From: Mel Gorman <mgorman@suse.de>
To: Larry Bassel <lbassel@codeaurora.org>
Cc: dan.magenheimer@oracle.com, linux-mm@kvack.org
Subject: Re: steering allocations to particular parts of memory
Date: Tue, 11 Sep 2012 10:34:08 +0100 [thread overview]
Message-ID: <20120911093407.GH11266@suse.de> (raw)
In-Reply-To: <20120907182715.GB4018@labbmf01-linux.qualcomm.com>
On Fri, Sep 07, 2012 at 11:27:15AM -0700, Larry Bassel wrote:
> I am looking for a way to steer allocations (these may be
> by either userspace or the kernel) to or away from particular
> ranges of memory. The reason for this is that some parts of
> memory are different from others (i.e. some memory may be
> faster/slower). For instance there may be 500M of "fast"
> memory and 1500M of "slower" memory on a 2G platform.
>
Hi Larry,
> At the memory mini-summit last week, it was mentioned
> that the Super-H architecture was using NUMA for this
> purpose, which was considered to be an very bad thing
> to do -- we have ported NUMA to ARM here (as an experiment)
> and agree that NUMA doesn't work well for solving this problem.
>
Yes, I remember the discussion and regret it had to be cut short.
NUMA is almost always considered to be the first solution to this type
of problem but as you say it's considered to be a "very bad thing to do".

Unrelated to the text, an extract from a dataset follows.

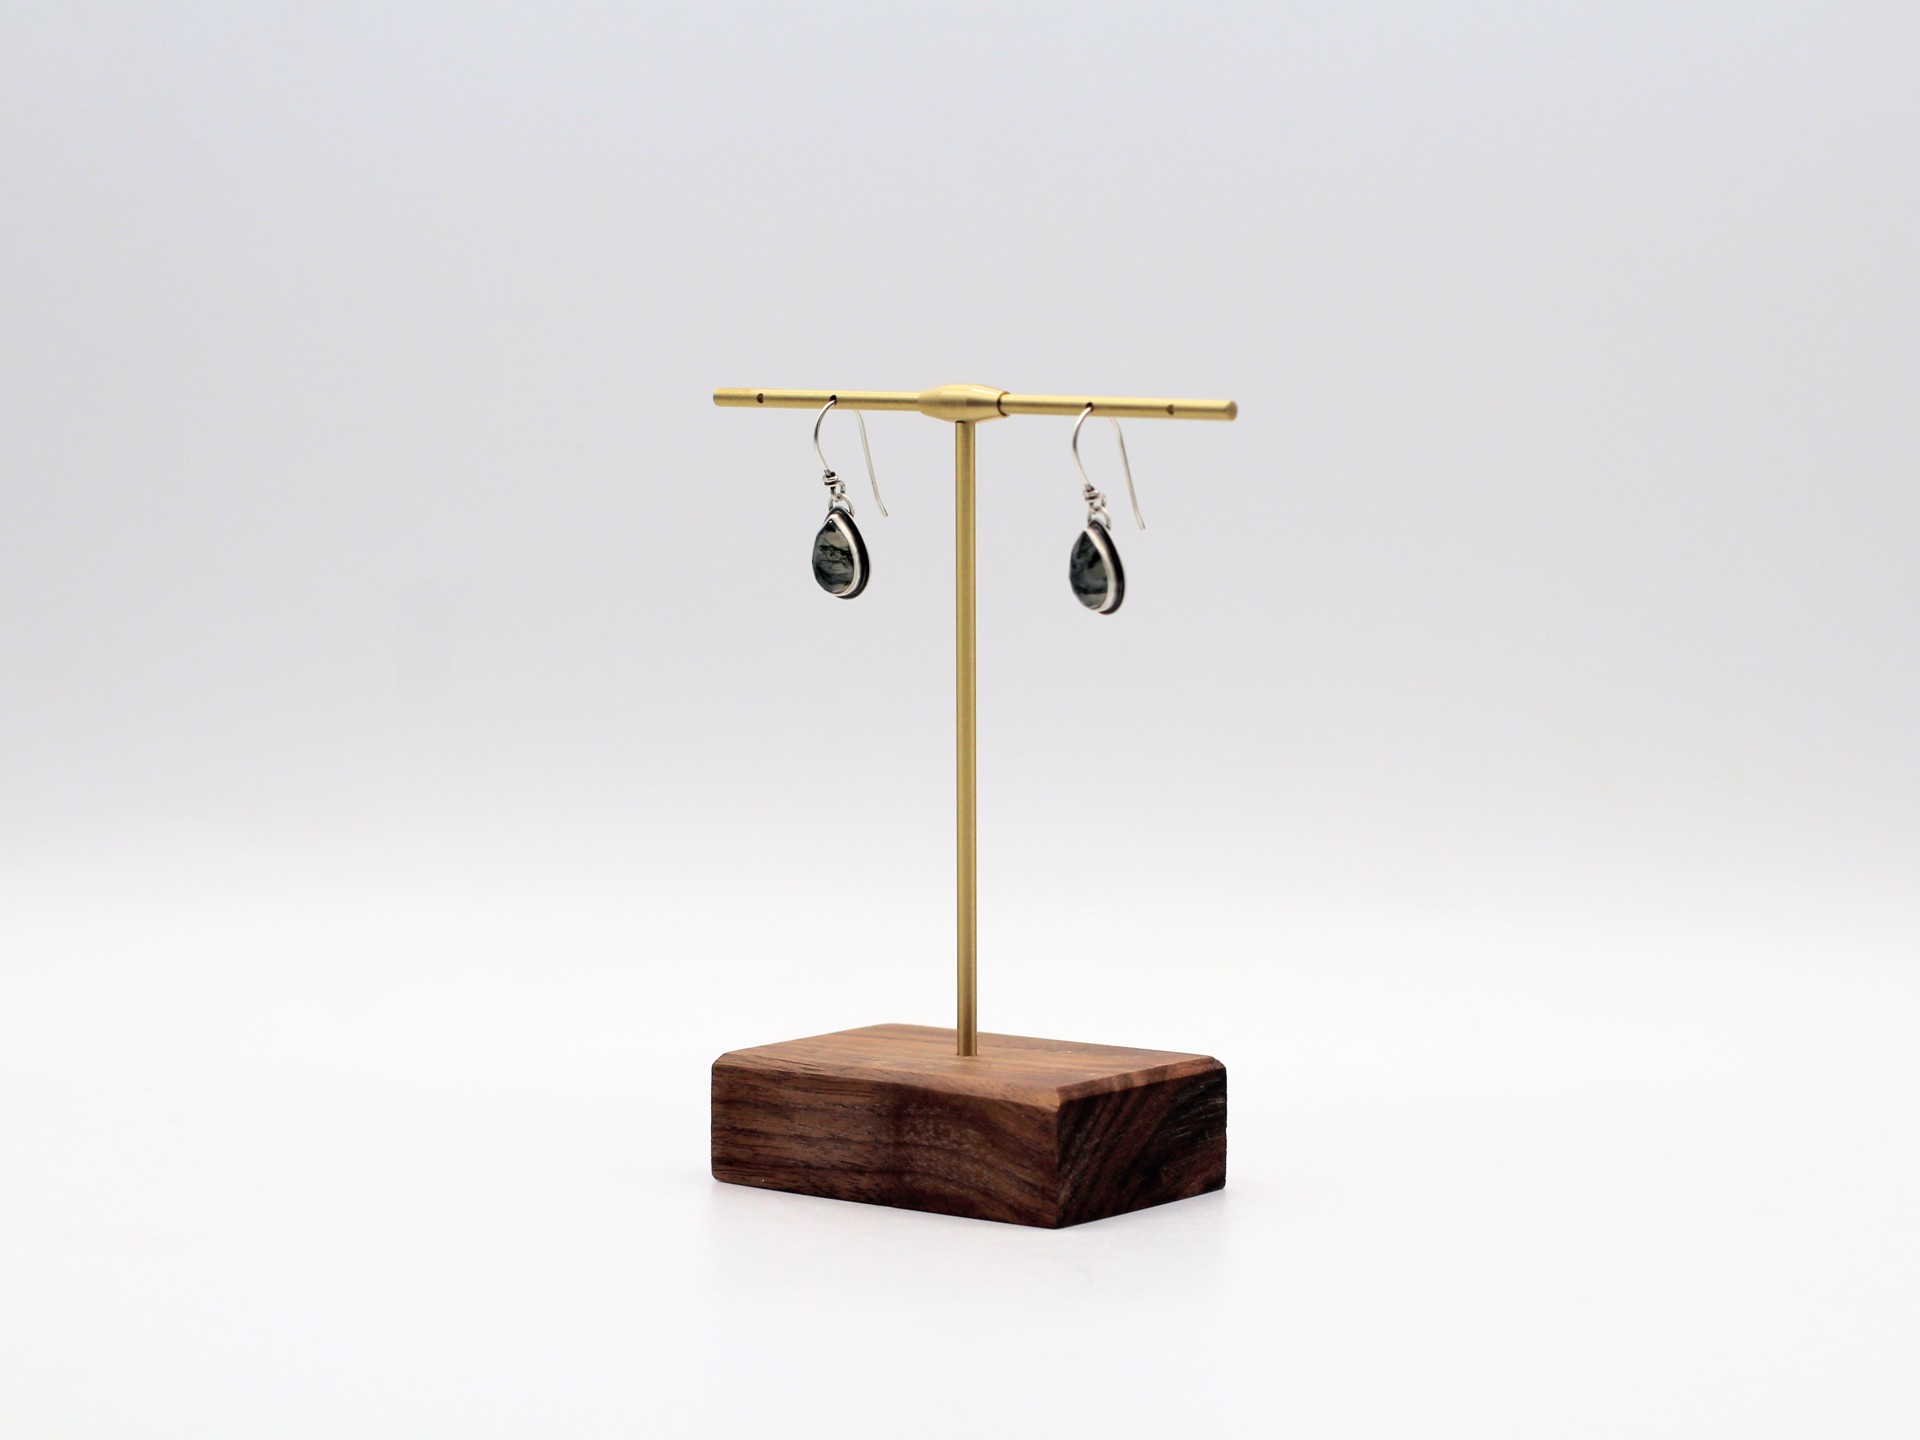 Moss Agate Earrings by Kim Knuth

It's convenient in one sense because you get data structures that track all
the pages for you and create the management structures. It's bad because
page allocation uses these slow nodes when the fast nodes are full which
is a very poor placement policy. Similarly pages from the slow node are
reclaimed based on memory pressure. It comes down to luck whether the
optimal pages are in the slow node or not. You can try wedging your own
placement policy on the side but it won't be pretty.
> After the NUMA discussion, I spoke briefly to you and asked
> you what a good approach would be. You thought that something
> based on transcendent memory (which I am somewhat familiar
> with, having built something based upon it which can be used either
> as contiguous memory or as clean cache) might work, but
> you didn't supply any details.
>
I was running out the door to catch a bus unfortunately. It was a somewhat
off-the-cuff remark that tmem might help you and what I was really
interested in what tmem used as a placement policy. All I was really sure
of was that a plain NUMA node is a bad idea. Unfortunately I have not
sat down to properly design a solution for this that would satisfy all
interested parties. Hence take all this with a big grain of salt.

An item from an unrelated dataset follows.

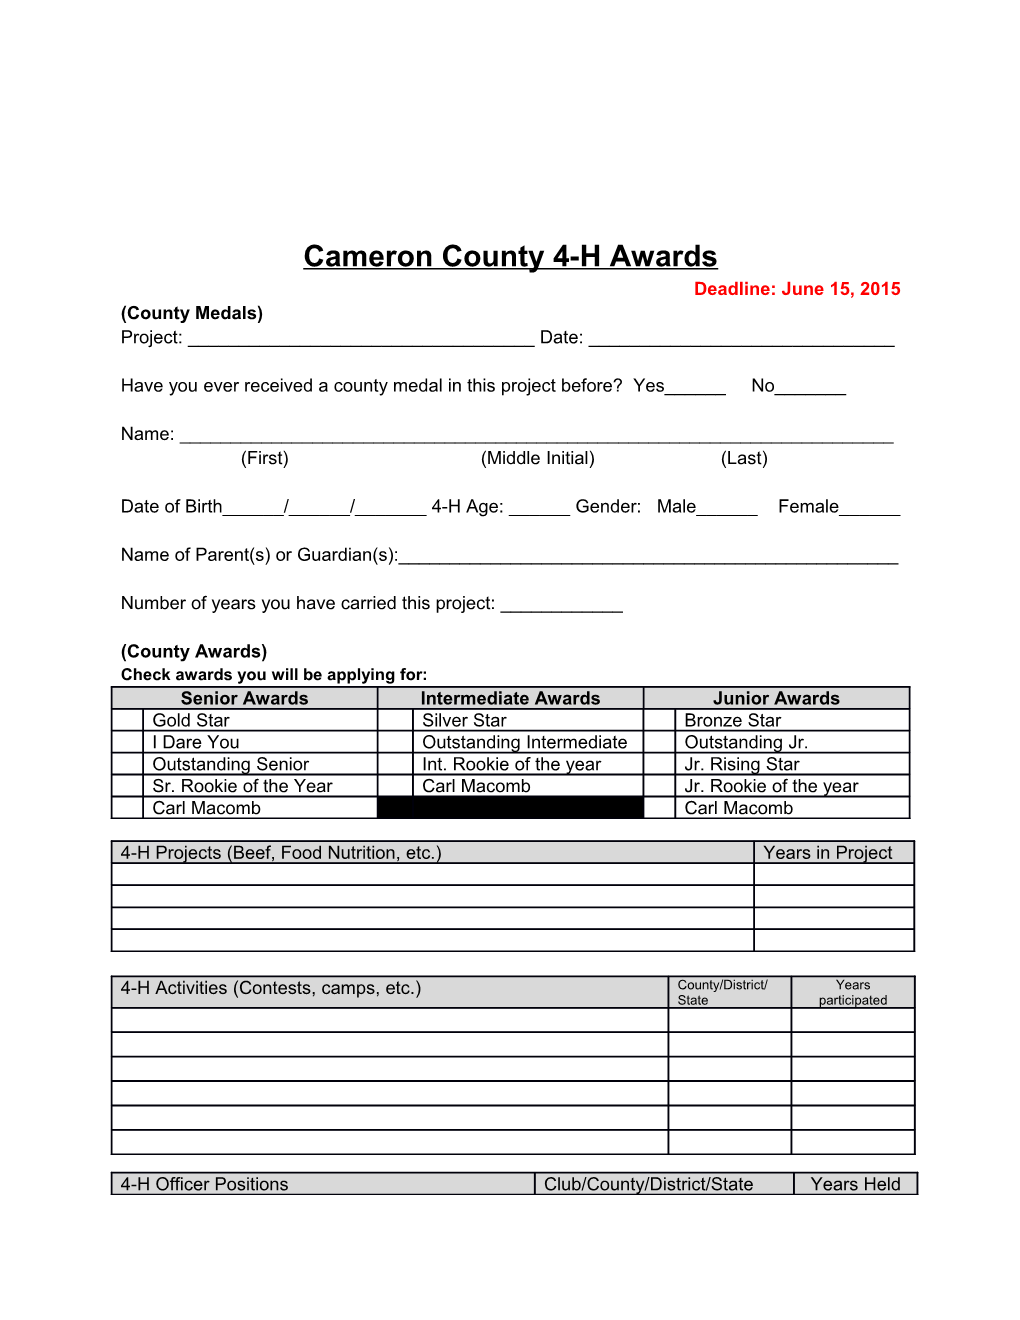 Cameron County 4-H Awards

The reason why tmem (http://lwn.net/Articles/340080/) came to mind is that
it addresses a similar class of problem to yours. Very broadly speaking
it was described as memory of an "unknown and dynamically variable size,
is addressable only indirectly by the kernel, can be configured either
as persistent or as "ephemeral" (meaning it will be around for awhile,
but might disappear without warning), and is still fast enough to be
synchronously accessible"
This is not an exact fit obviously. The slow memory node (slowmem) is
fixed size and is directly accessible. The core idea might still be
useful to you though. I'm actually not familiar with tmem but it would
be worth investigating if you can use the same API to decide whether
pages should migrate to/from slowmem and when to simply discard pages
from slowmem.
A possibly variation would be to have cleancache and similar mechanisms
use slowmem as a backend.
A third variation is for people considering creating RAM-like devices
that are backed by some sort of fast storage. These would be interested
in an almost identical sort of API that you need.
Note that none of this actually stops you using a pgdat structure to
represent slowmem and to creating the struct pages for you. This could
be core helper code that allocates a pgdat structure and initialises all
the pages but does not create a kswapd thread, link it to zonelists etc.
The key Ideally there would be a placement policy API (maybe similar
to tmems) that can be shared with slowmem, cleancache, whatever you are
implementing and potentially tmem if it gets revived.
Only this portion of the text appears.